| ripgrep doesn't require memory maps, and if they fail to open, it will fall back to a more traditional buffering strategy: https://github.com/BurntSushi/ripgrep/blob/50d2047ae2c0ce2ed... ripgrep has always had a fast traditional buffering strategy using `read` calls for searching, because I knew that mmap couldn't be used in every case. Anyway, this has been fixed for a couple years at this point, so if you're still experiencing a problem, then please file a new bug report. > As a more recent example, ripgrep had issues on 32-bit platforms because of a bug in the way the underlying mmap library worked in Rust. This is false. The bug you're thinking about is probably https://github.com/BurntSushi/ripgrep/issues/922, which was not caused by an underlying bug in memmap. memmap did have an underlying bug with respect to file offsets, but ripgrep did not use the file offset API. The bug was caused in ripgrep itself, since I made the classic mistake of trying to predict whether an mmap call would fail instead of just trying mmap itself. That bug was fixed on master before the Windows bug was even reported: https://github.com/BurntSushi/ripgrep/commit/93943793c314e05... > You'd only try that if you haven't read the documentation for mmap, just like a bunch of Rust programmers did. This isn't exclusive to Rust programmers. C tools make the same mistake all the time. Because memory maps aren't just problematic with large files on 32-bit systems, but they also don't work with virtual files on Linux. Try, for example, `ag MHz /proc/cpuinfo` and see what you get. Crazy how, you know, sometimes humans make mistakes even if they are a C programmer! And the implication that I (or the author of memmap) never read the docs for `mmap` is just absurd. If you're going to be snooty about stuff like this, then at least get the story correct. Or better yet, don't be snooty at all. |
The specific issue making the "mmap" crate incorrect was that it used a "usize" instead of "u64" for some of the functions, limiting it to 4GB files on 32-bit platforms. I believe it's this line of code: https://github.com/rbranson/rust-mmap/blob/f973ae1969b4b7e80...

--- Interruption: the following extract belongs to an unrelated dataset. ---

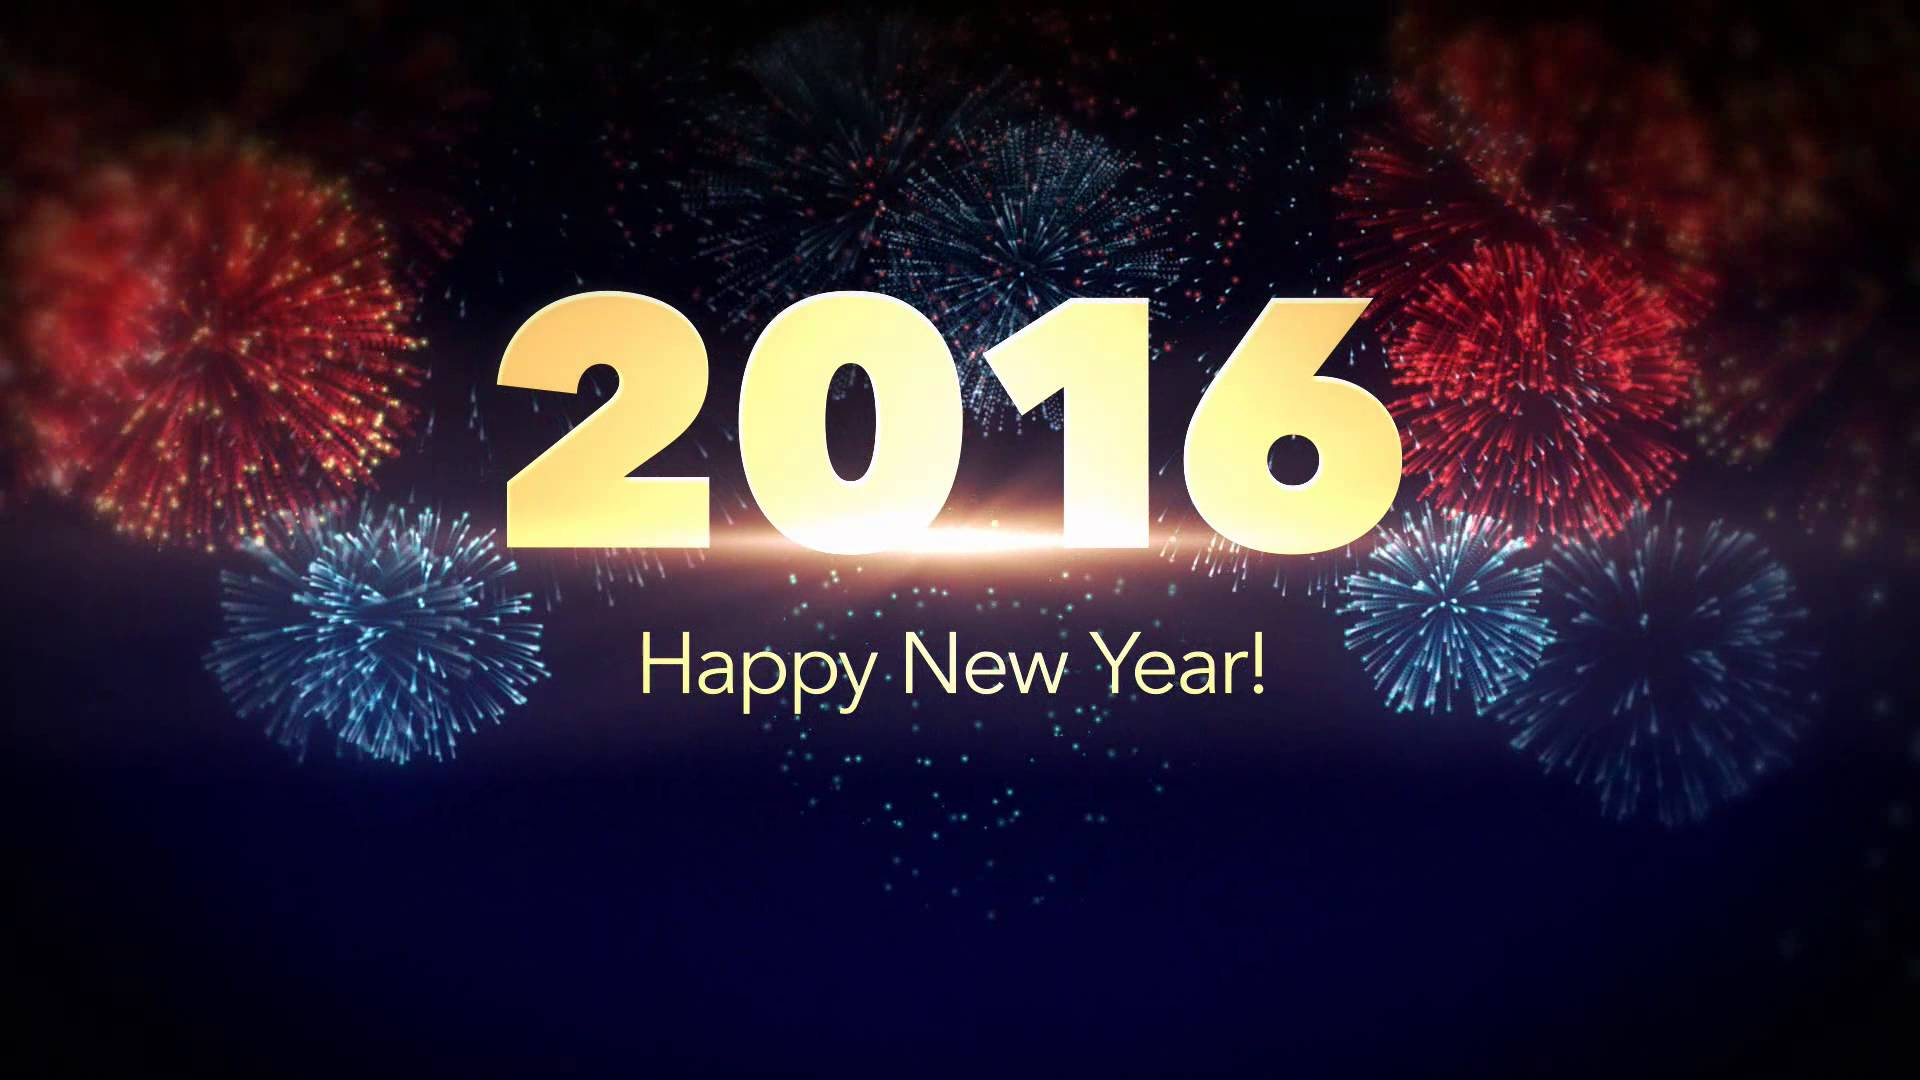 Evotec Happy New Year 2016

Now, I'm not a mindreader, but to me this feels an awful lot like its author made a tacit assumption that mmap() is a "memory operation" that is tied to the architecture's pointer size. In similar conversations, heck, in this very discussion people were incredulous that a file can be bigger than memory and be processed.
I absolutely believe that people do not read much past the function declarations, and it might be a "snooty attitude" but experience unfortunately has shown it to be an accurate attitude.
I'm also not accusing you of incorrectly using mmap(), buuuuut... having a quick flip through your current code I see that you still have the attitude that "mmap() takes a filename and makes into a slice that the kernel magically reads in for me on demand".
This is just not true, not even on 64-bit platforms. On smaller devices with only 2-4GB of memory, it's entirely possible to simply run out of page table entries (PTEs). It's possible the memory space simply gets too fragmented. It's possible the kernel has other limits for processes. It's possible the that file is some virtual device with an enormous reported size. Etc, etc, etc...
The correct usage of mmap() is to use moderately-sized sliding windows of, say, 128MB at a time or whatever.
But, having said that: Your code is now correct in the sense that it won't crash, it won't have unsafety, it'll run on 32-bit just fine, and will probably work for all practical scenarios that people want to use a grep tool for. I also know that you have specific optimisations for "the whole file fits in a byte slice", so there's benefits to using the simple approach instead of a sliding window.
However, if this was a database engine that required mmap() to work, it would be absolutely incorrect. But it isn't a database engine, so no big deal...